SECURITIES AND EXCHANGE COMMISSION

Washington, D.C. 20549

 

 

FORM 8-K

 

 

CURRENT REPORT

Pursuant to Section 13 or 15(d) of the

Securities Exchange Act of 1934

Date of Report (Date of Earliest Event Reported): November 1, 2010

 

 

CareFusion Corporation

(Exact Name of Registrant as Specified in its Charter)

 

 

Delaware

(State or Other Jurisdiction of Incorporation)

 

001-34273   26-4123274
(Commission File Number)   (IRS Employer Identification Number)

3750 Torrey View Court, San Diego, California 92130

(Address of Principal Executive Offices, Including Zip Code)

(858) 617-2000

(Registrant’s Telephone Number, Including Area Code)

 

 

Check the appropriate box below if the Form 8-K filing is intended to simultaneously satisfy the filing obligation of the registrant under any of the following provisions (see General Instruction A.2. below):

 

¨ Written communications pursuant to Rule 425 under the Securities Act (17 CFR 230.425)

 

¨ Soliciting material pursuant to Rule 14a-12 under the Exchange Act (17 CFR 240.14a-12)

 

¨ Pre-commencement communications pursuant to Rule 14d-2(b) under the Exchange Act (17 CFR 240.14d-2(b))

 

¨ Pre-commencement communications pursuant to Rule 13e-4(c) under the Exchange Act (17 CFR 240.13e-4(c))

 

 

 


 

Item 2.02 Results of Operations and Financial Condition

On November 2, 2010, CareFusion Corporation (the “Company”) issued a news release (the “News Release”) announcing its results for the quarter ended September 30, 2010. A copy of the News Release is furnished as Exhibit 99.1 to this report.

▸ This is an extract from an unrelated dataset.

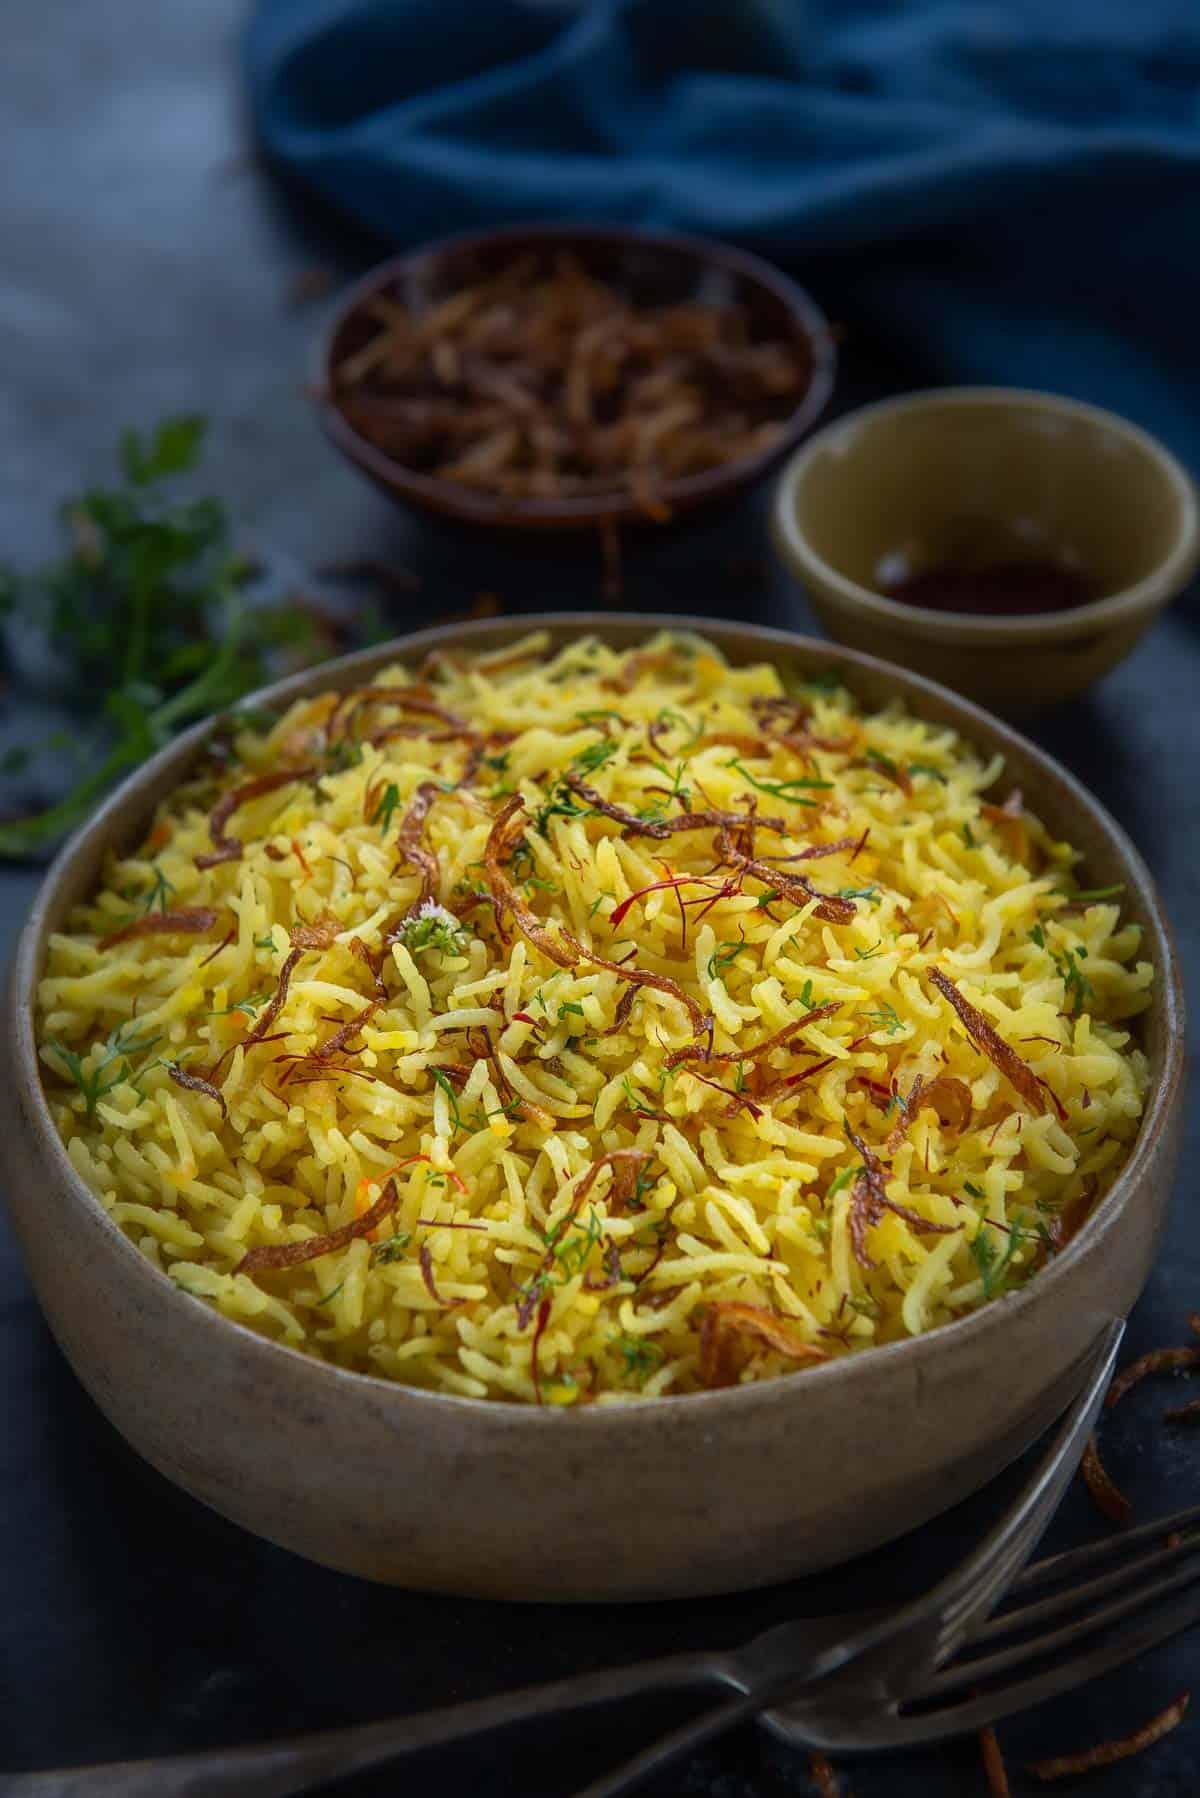 Saffron rice served in a bowl.

A discussion of the reasons why management believes that the presentation of non-GAAP financial measures provides useful information to investors regarding the Company’s financial condition and results of operations is furnished as Exhibit 99.3 to this report.

 

Item 5.02 Departure of Directors or Certain Officers; Election of Directors; Appointment of Certain Officers; Compensatory Arrangements of Certain Officers

On November 2, 2010, the Company issued a news release in which the Company reported that David L. Schlotterbeck, the Company’s Chairman of the Board of Directors and Chief Executive Officer, announced his plans to retire. A copy of the news release is furnished as Exhibit 99.4 to this report.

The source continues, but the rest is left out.